Minister of Budget and National Planning, Senator Udoma Udo Udoma, has allayed the fears of Nigerians over the softening of the international oil prices, saying that the government willclosely monitor the events with a view to achieving targeted oil production.
According to him, President Muhammadu Buhari has directed the Nigerian National Petroleum Corporation (NNPC) to take all possible measures to achieve the targeted oil production of 2.3 million.
“Notwithstanding the recent softening in international oil prices, the considered view of most reputable oil industry analysts is that the downward trend in recent months is not necessarily reflective of the outlook for 2019. However, we will closely monitor the situation and will respond to any changes in the international oil price outlook for 2019.
A development economist, Mr. Odilim Enwegbara, however, painted a gloomy picture of the 2019 budget, saying that despite the drop in oil price, the 2019 election expenses would impact negatively on the budget.
Enwegbara said: “2019 is going to be a challenging year for our country. The high cost of the 2019 elections and the high cost of transition from the present government to the new government will put too much pressure on the economy. The 2019/2020 budget will not be debated by the federal lawmakers before June 2019 when the 9th Assembly will convene.
“If there is a new president, which is likely to happen, then the new government will be forced to present an entirely new budget estimates different from the one recently presented by President Buhari since priorities will have to change. With these delays, the country’s debt will run out of hand to the extent that our debt service-to-revenue ratio will grow to 80 per cent during the 2019/2020 fiscal year.
“Our Gross Domestic Product (GDP) growth will be sluggish to the extent that if care is not taken, the economy will begin to head south again as it did starting from 2016 because of delay in putting an economic team in place.
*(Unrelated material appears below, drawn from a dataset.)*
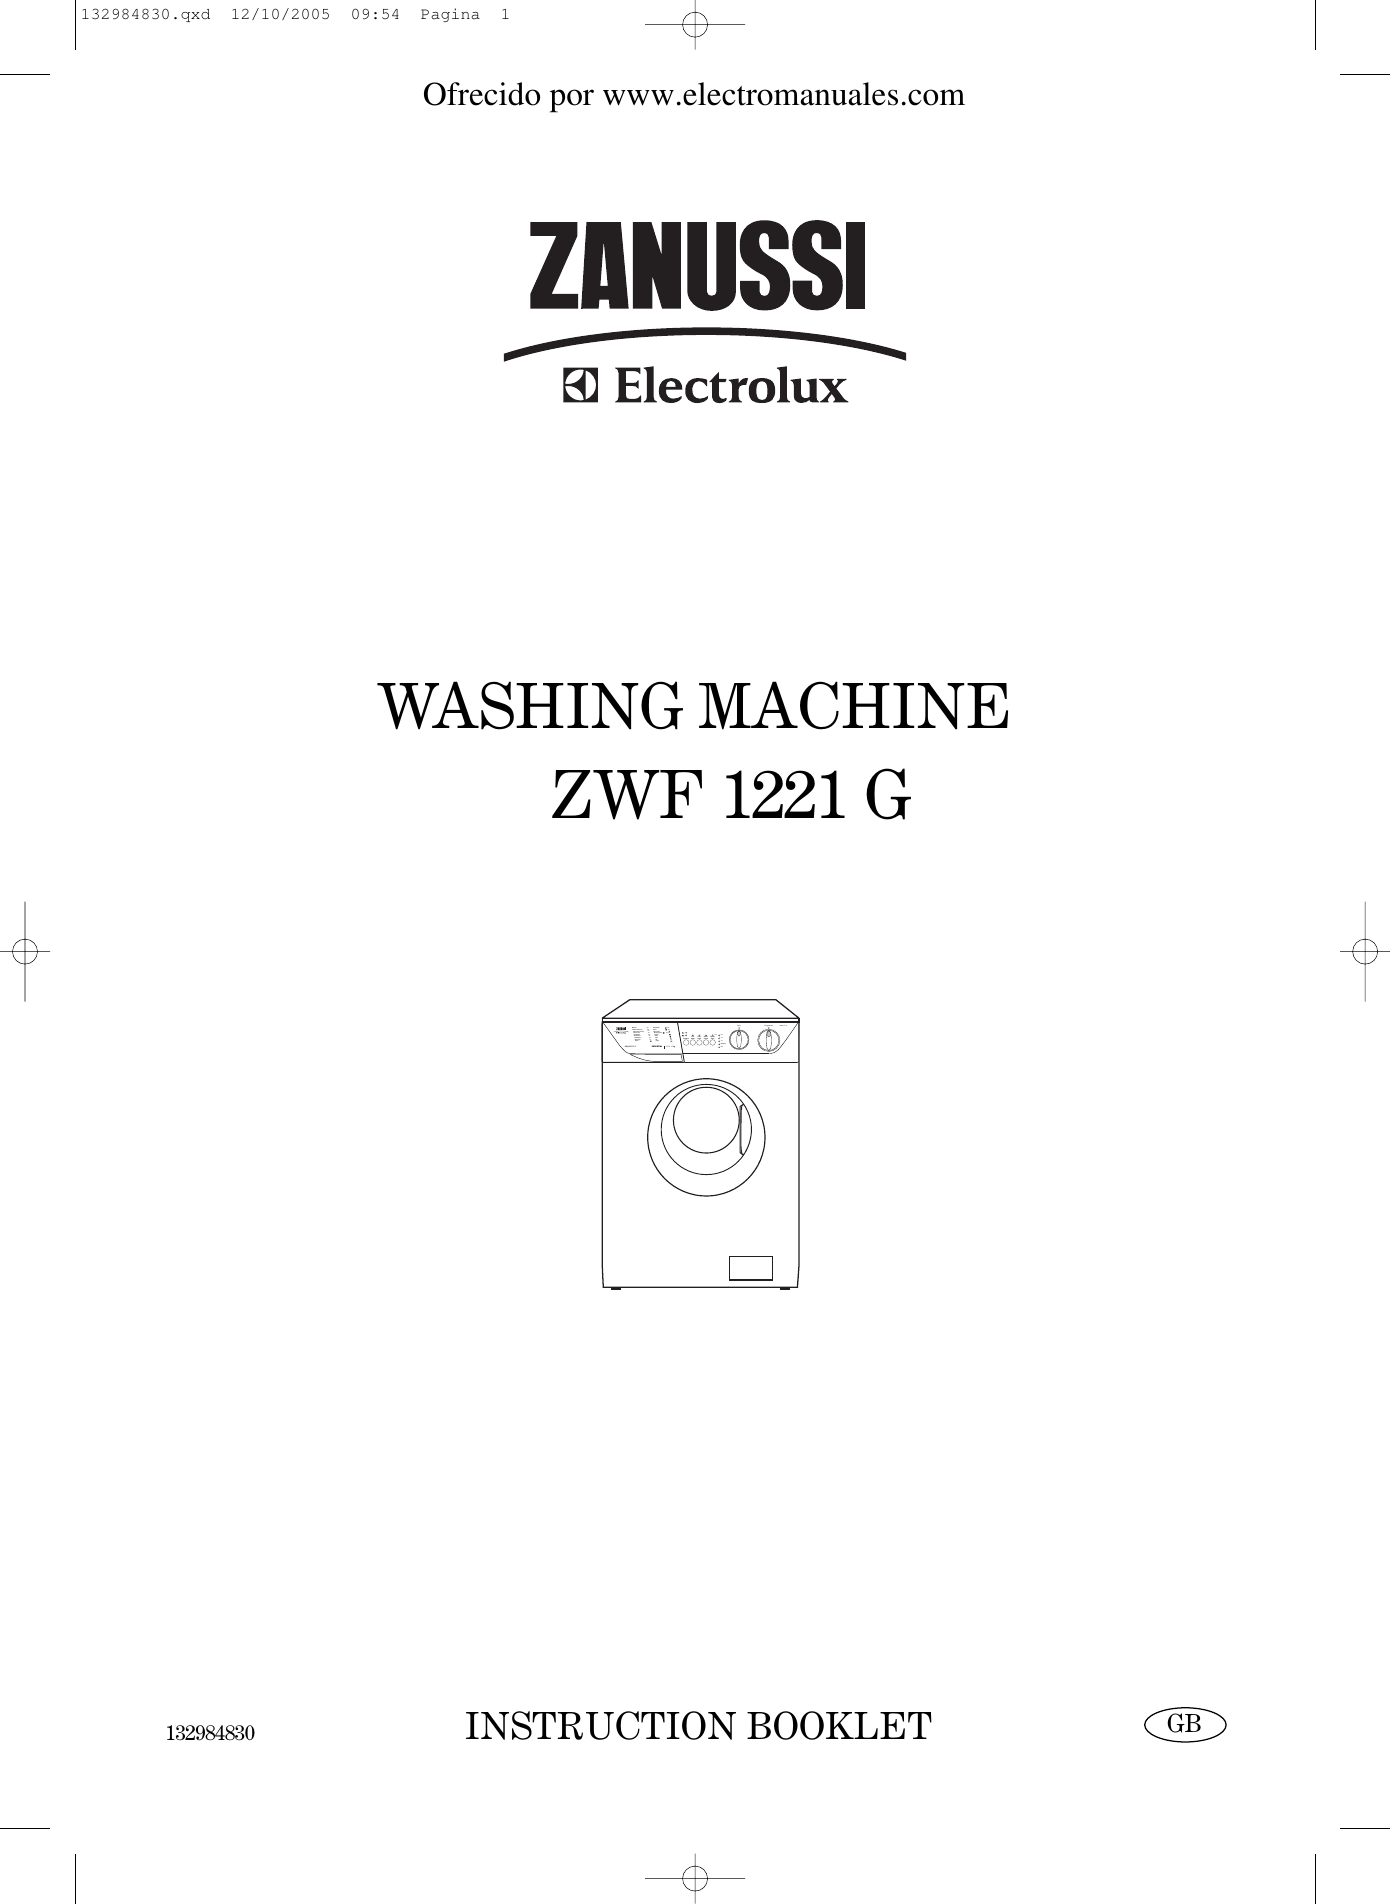 Zanussi Zwf 1221 G Users Manual 132984830 Washing Machine Drain Hose Additionally Wiring Diagram

That makes the economy another candidate for recession.
“That is why 2019 presidential election is critical to the survival of this country, if not for anything, at least for averting both the potential recession and the impending economic bankruptcy with unemployment skyrocketing along with poverty figures.
As the government tries to contain the country’s social problems, it will have to grow its deficit spending, which will force the Central Bank of Nigeria (CBN) to further increase its Monetary Policy Rate (MPR) to keep government borrowing to continue uninterrupted.
The oil price for Brent crude oil in December was $56.55 per barrel.